Tobias Reinhart: Allgemeine Regelungen bei Urkundenfälschungen

Interview mit Tobias Reinhart
Tobias Reinhart ist Rechtsanwalt in der Kanzlei RECHTSANWÄLTE IMHOF & PARTNER in Aschaffenburg. Mit ihm sprechen wir über gefälschte Impfpässe, Umgang mit der Justiz sowie Strafbarkeitslücke.

Seit kurzem beschäftigt sich das Landgericht Osnabrück mit gefälschten Impfpässen. Wie behandelt die Justiz eine Fälschung von Gesundheitszeugnissen gemäß §§277, 279 StGB?

Tobias Reinhart: Sämtliche veröffentlichten und mir bekannten Entscheidungen (zuletzt das OLG Bamberg am 17.01.22 – Az.: 1 Ws732-733/21 und diesem folgend das LG Aschaffenburg am 20.01.22 – Az.: Qs 89/21) sehen das Fälschen und Gebrauchen von Impfpässen bis zur Gesetzesänderung am 24.11.21 nur dann als strafbar an, wenn der Impfpass gegenüber Behörden oder Versicherungsgesellschaften gebraucht wurde. Wurde von den Beschuldigten lediglich versucht, durch Vorlage des gefälschten Impfpasses z.B. in einer Apotheke einen Vorteil zu erlagen (hier: digitales Impfzertifikat), so bestand diesbezüglich bis zum 24.11.21 eine Gesetzeslücke und die Beschuldigten gingen straffrei aus.

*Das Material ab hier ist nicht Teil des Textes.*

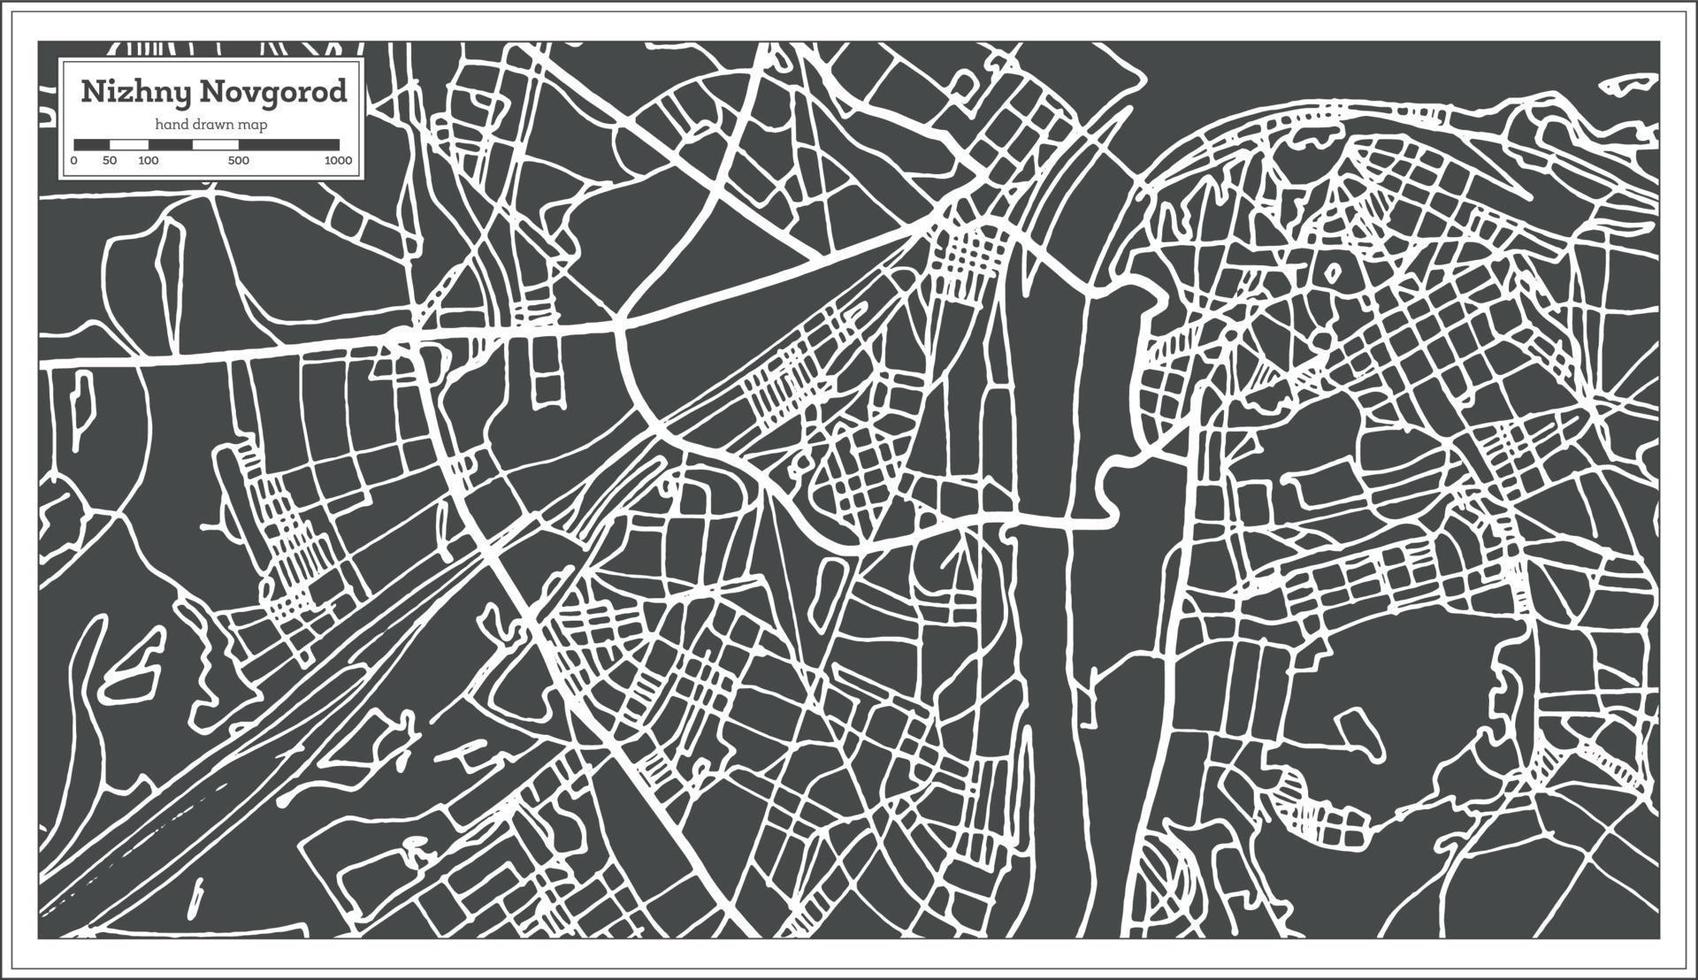 nizjni novgorod Rusland stad kaart in retro stijl. schets kaart. vector

Beim Landgericht Osnabrück wurde geprüft, ob sich Beschuldigte der Urkundenfälschung gemäß §267StGB strafbar gemacht haben. Warum ist in dem Fall der Fälschung von Gesundheitszeugnissen kein Rückgriff auf die allgemeine Regelung der Urkundenfälschung möglich?

Tobias Reinhart: Weil die Vorschriften über die Fälschung von Gesundheitszeugnissen Spezialgesetze darstellen („lex specialis“) und somit die Anwendung der allgemeineren Urkundendelikte sperren.

Bisher wurde nicht nach Personen mit gefälschten Impfausweisen gefahndet. Gibt es wirklich eine Strafbarkeitslücke?

Tobias Reinhart: Diese Strafbarkeitslücke gab es, wurde jedoch durch den Gesetzgeber seit dem 24.11.21 geschlossen. Nunmehr macht sich jeder strafbar, der einen gefälschten Impfpass „zur Täuschung im Rechtsverkehr“ ausstellt oder gebraucht. Im Übrigen wurden auch vorher Durchsuchungsbeschlüsse auf Betreiben von Staatsanwaltschaften von den zuständigen Amtsgerichten erlassen, die der Mindermeinung folgten und davon ausgingen, dass hier eine Urkundenfälschung vorliegen würde.

Das Vorlegen eines unrichtigen Impfpasses bei einer Apotheke ist nicht nach dem StGB sowie ebenfalls nicht nach dem IfSG strafbar. Wie können dennoch gefälschte Impfausweise sichergestellt werden?

Tobias Reinhart: Das LG Osnabrück war der Ansicht, dass dies über das polizeiliche Gefahrenabwehrrecht gem. § 26 Nr. 1 NPOG möglich sei, da durch die Ansteckung eine gegenwärtige Gefahr für die Allgemeinheit bestehen würde.

Die Strafbarkeitslücke darf allerdings nicht von Gerichten, sondern nur vom Gesetzgeber geschlossen werden. Wird es in Zukunft eine Gesetzesänderung bezüglich der Impfausweise geben, wann kann man damit rechnen und welche Strafen kommen auf Personen mit gefälschten Impfausweis zu?

Tobias Reinhart: Nach der Neuregelung des § 277 StGB sieht der Gesetzgeber nunmehr für das unbefugte Ausstellen von Gesundheitszeugnissen eine Freiheitsstrafe von bis zu einem Jahr oder Geldstrafe vor; in besonders schweren Fällen bis zu 5 Jahren Freiheitsstrafe. Für den Gebrauch unrichtiger Gesundheitszeugnisse sieht der Gesetzgeber nunmehr gem. § 279 StGB eine Freiheitsstrafe bis zu einem Jahr oder Geldstrafe vor.

Herr Reinhart, vielen Dank für das Gespräch!